Exercise instructions: From the line that holds "The Harmandir Sahib Complex" down to the last line of the listing below, reproduce each line exactly and nothing more, omitting pictures.

Provided material:
———
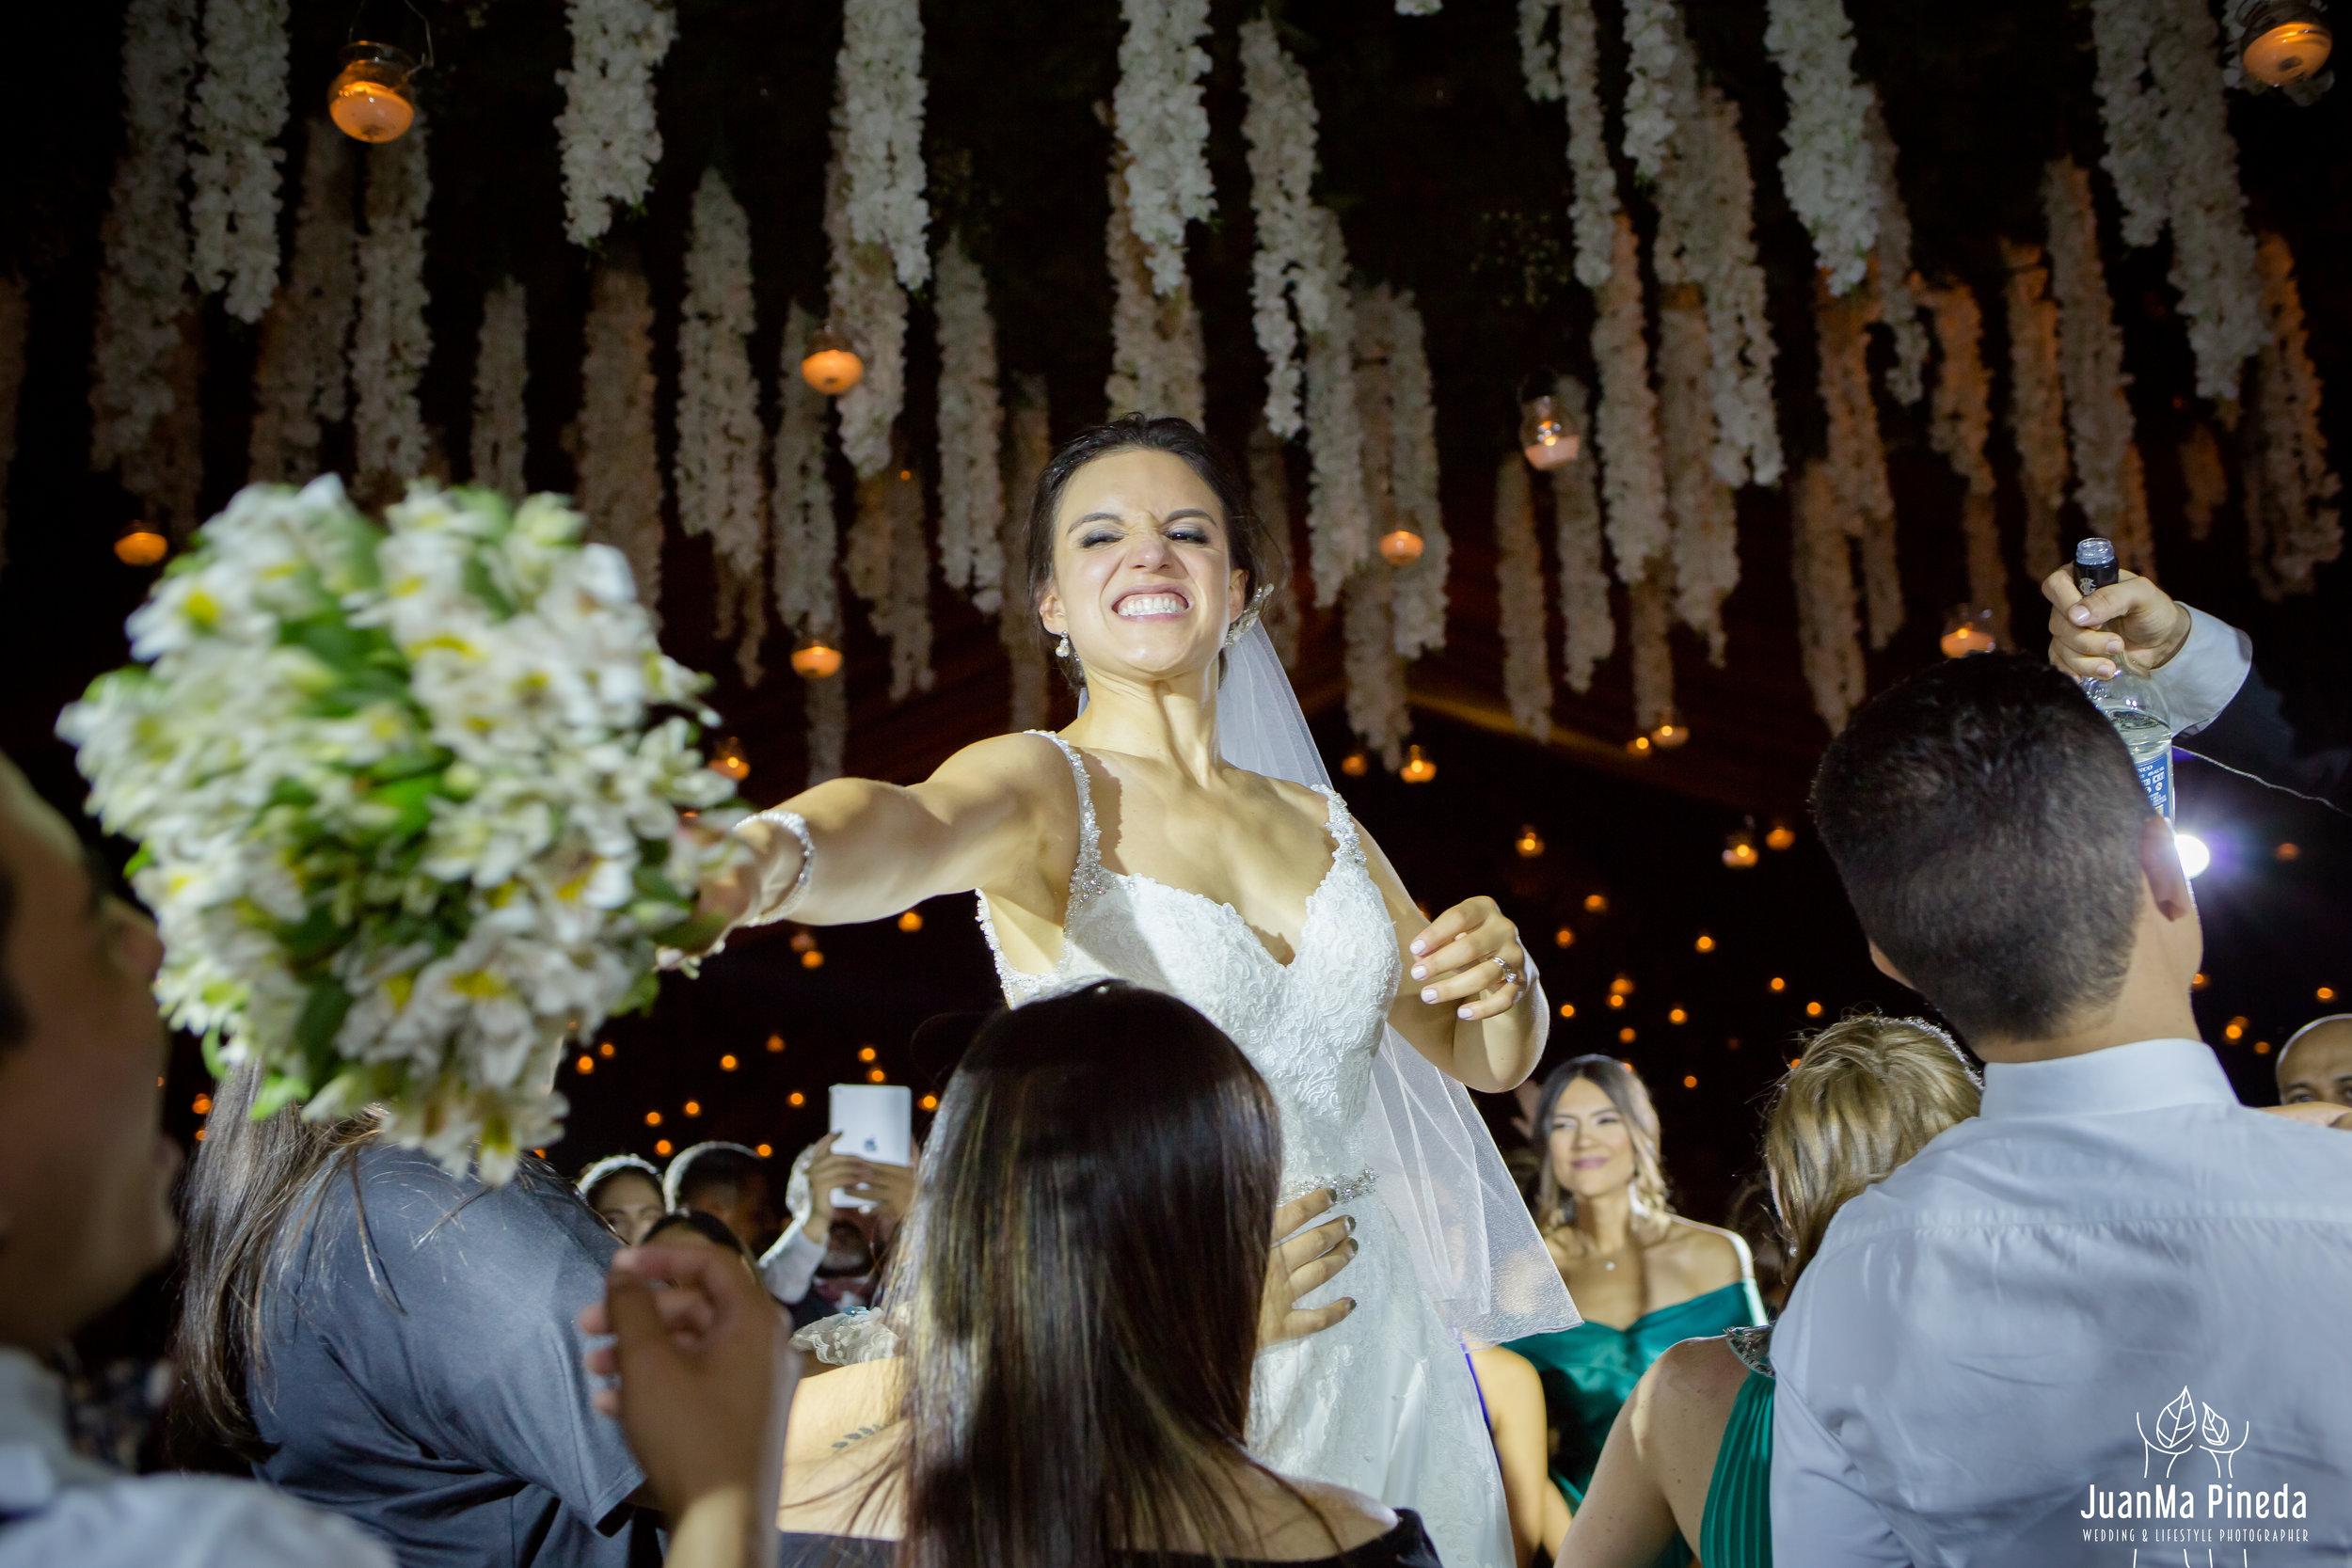 Wedding+Day+Photographer-1-12.jpg
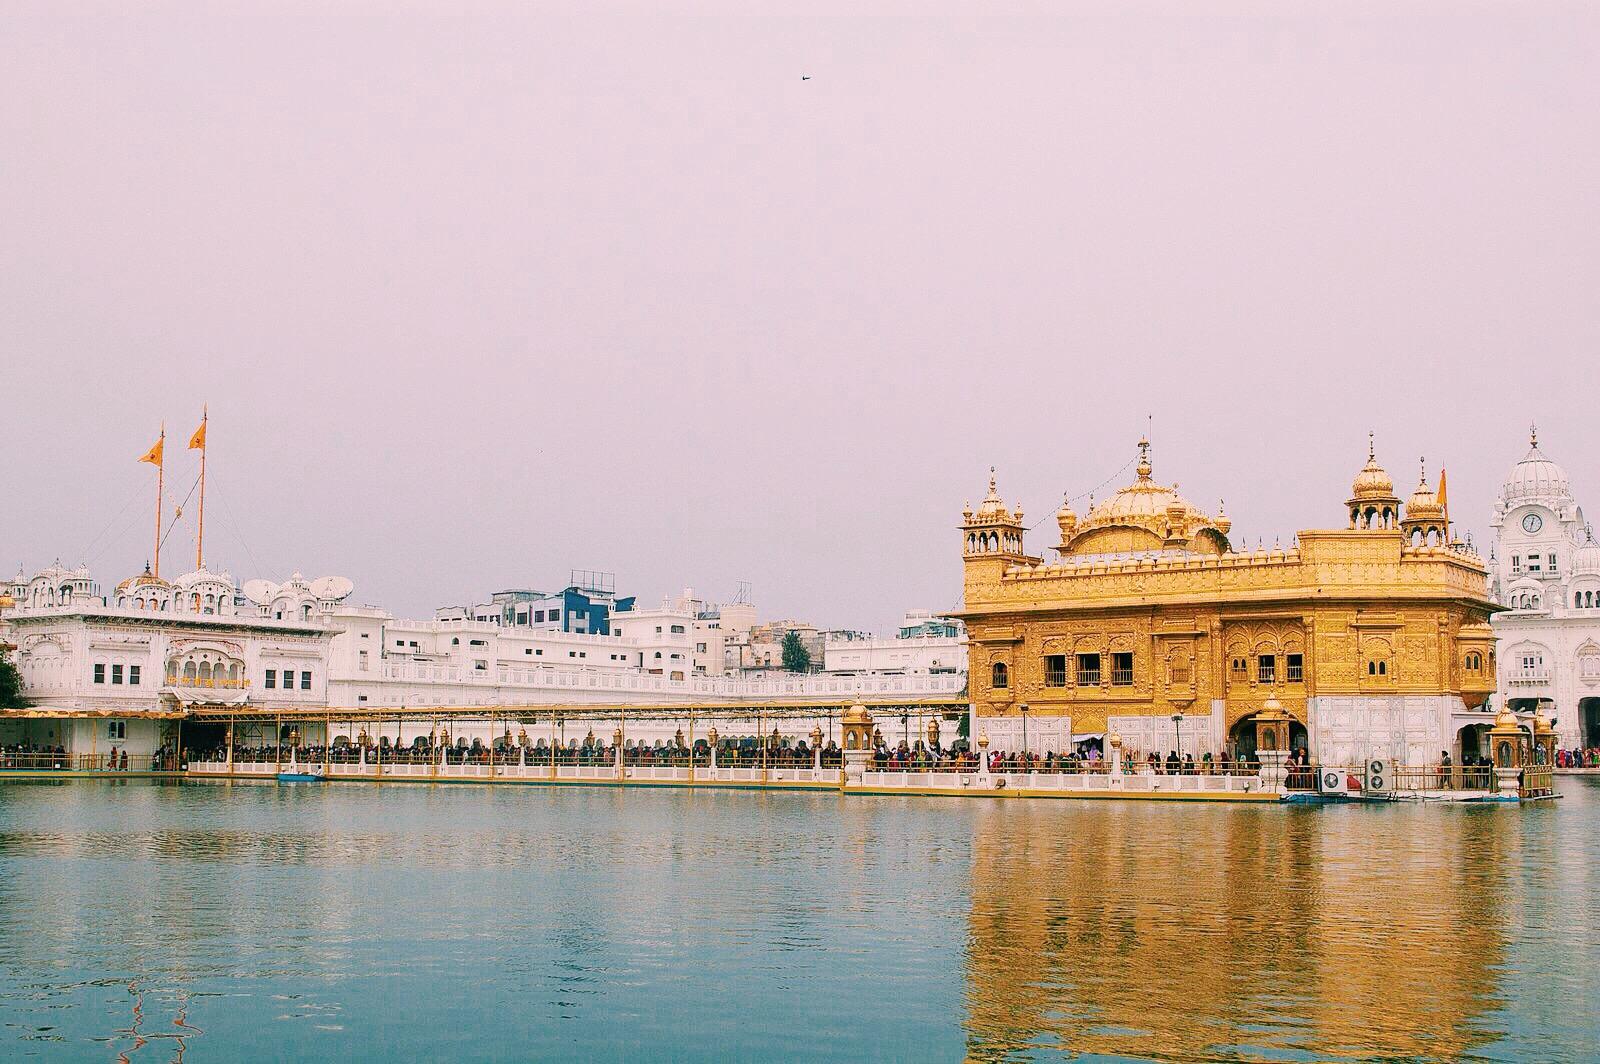 The Harmandir Sahib Complex
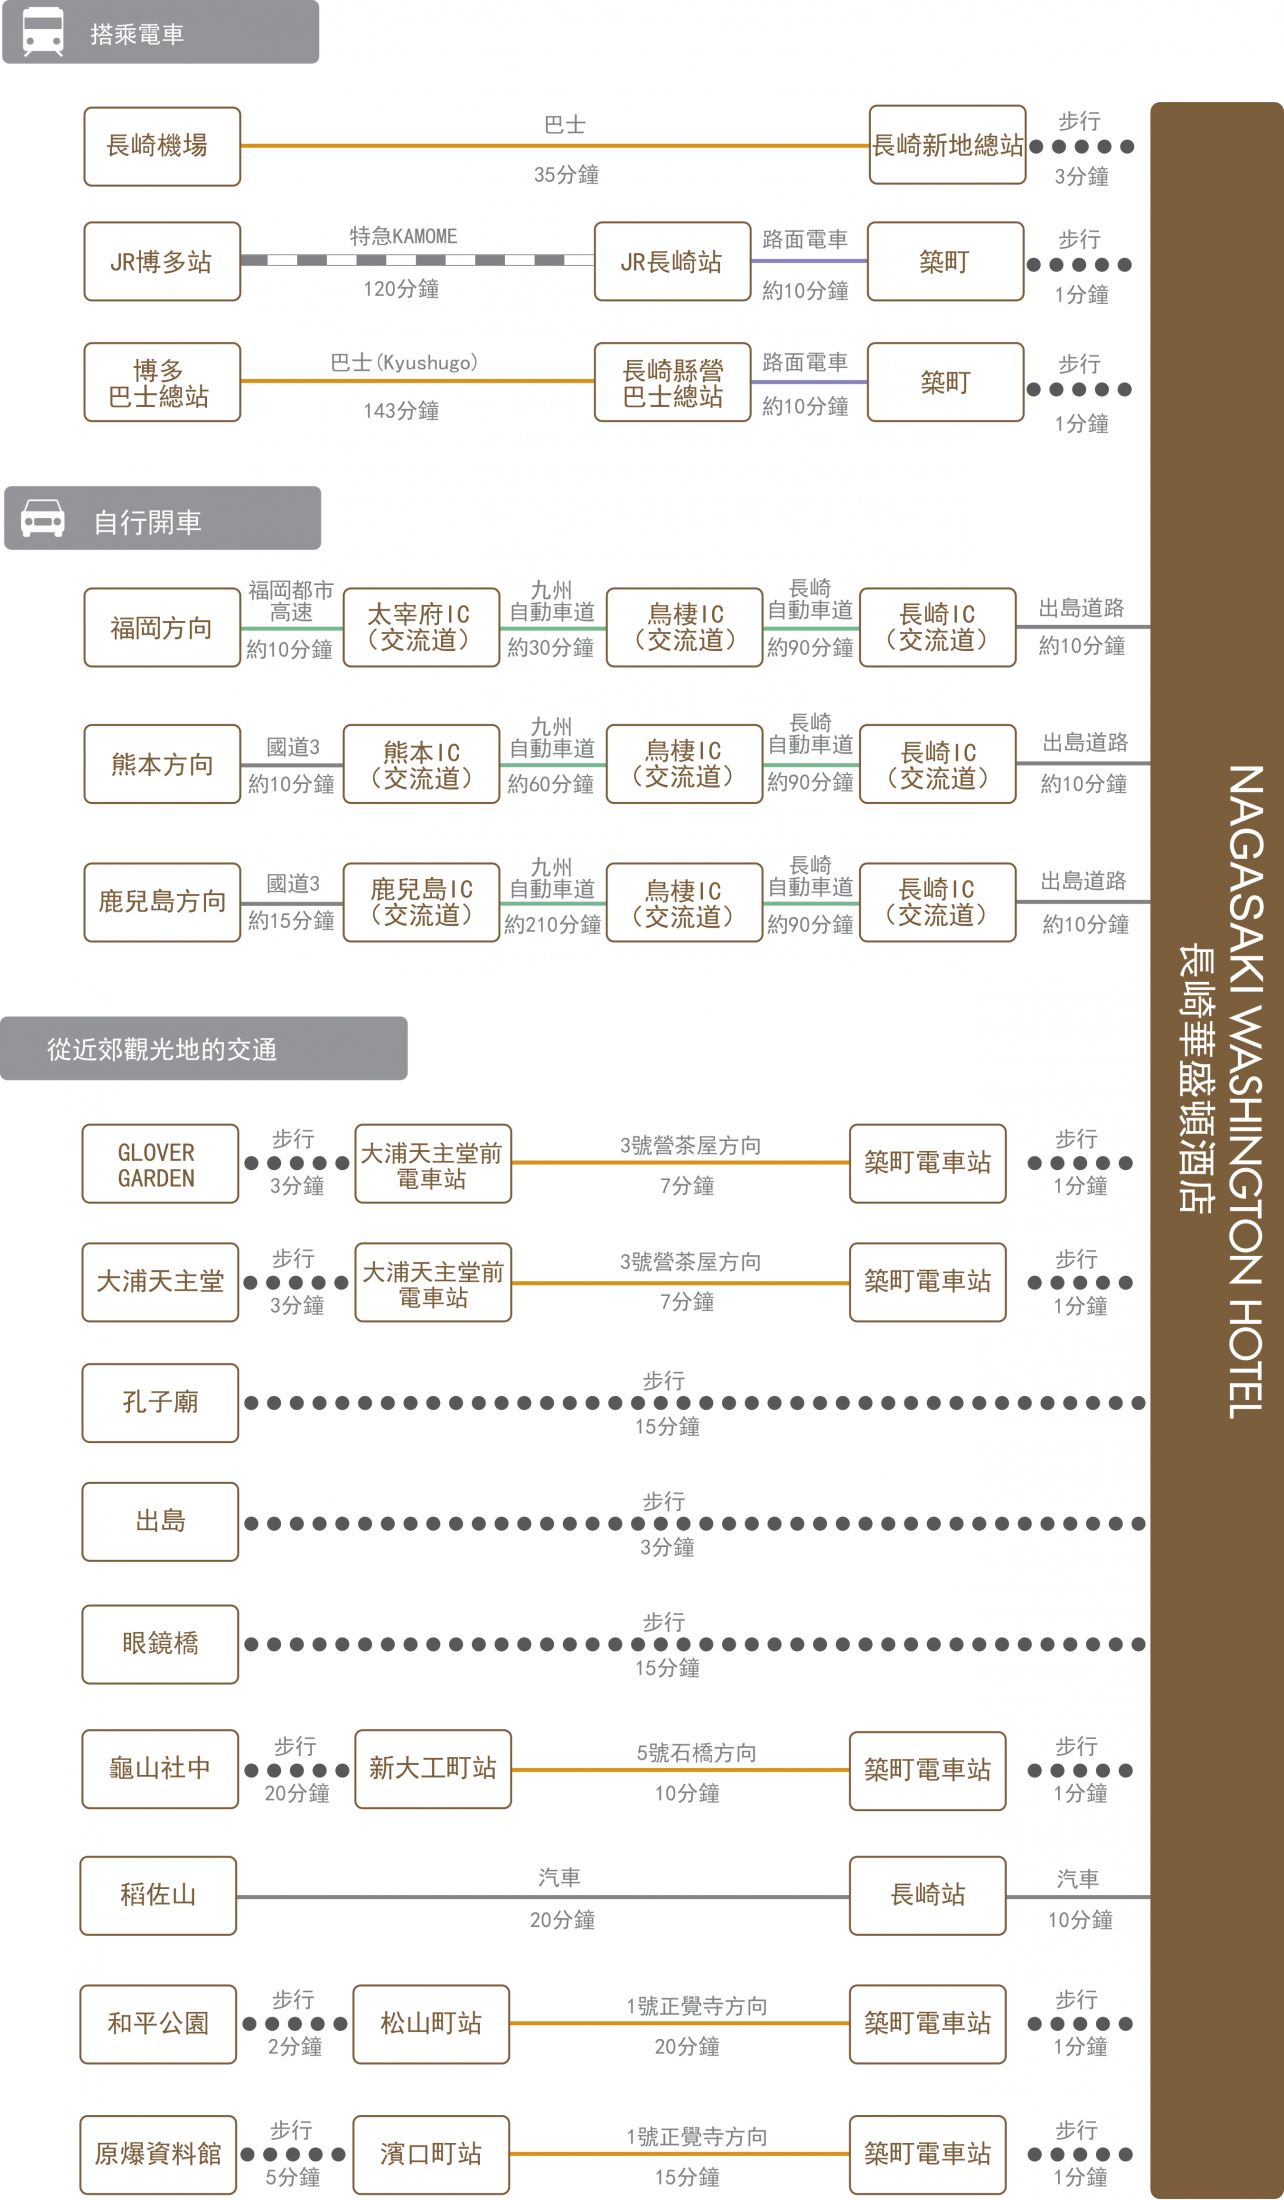 chart_zh_tw_nagasaki_wh
———
Reply:
 The Harmandir Sahib Complex
 chart_zh_tw_nagasaki_wh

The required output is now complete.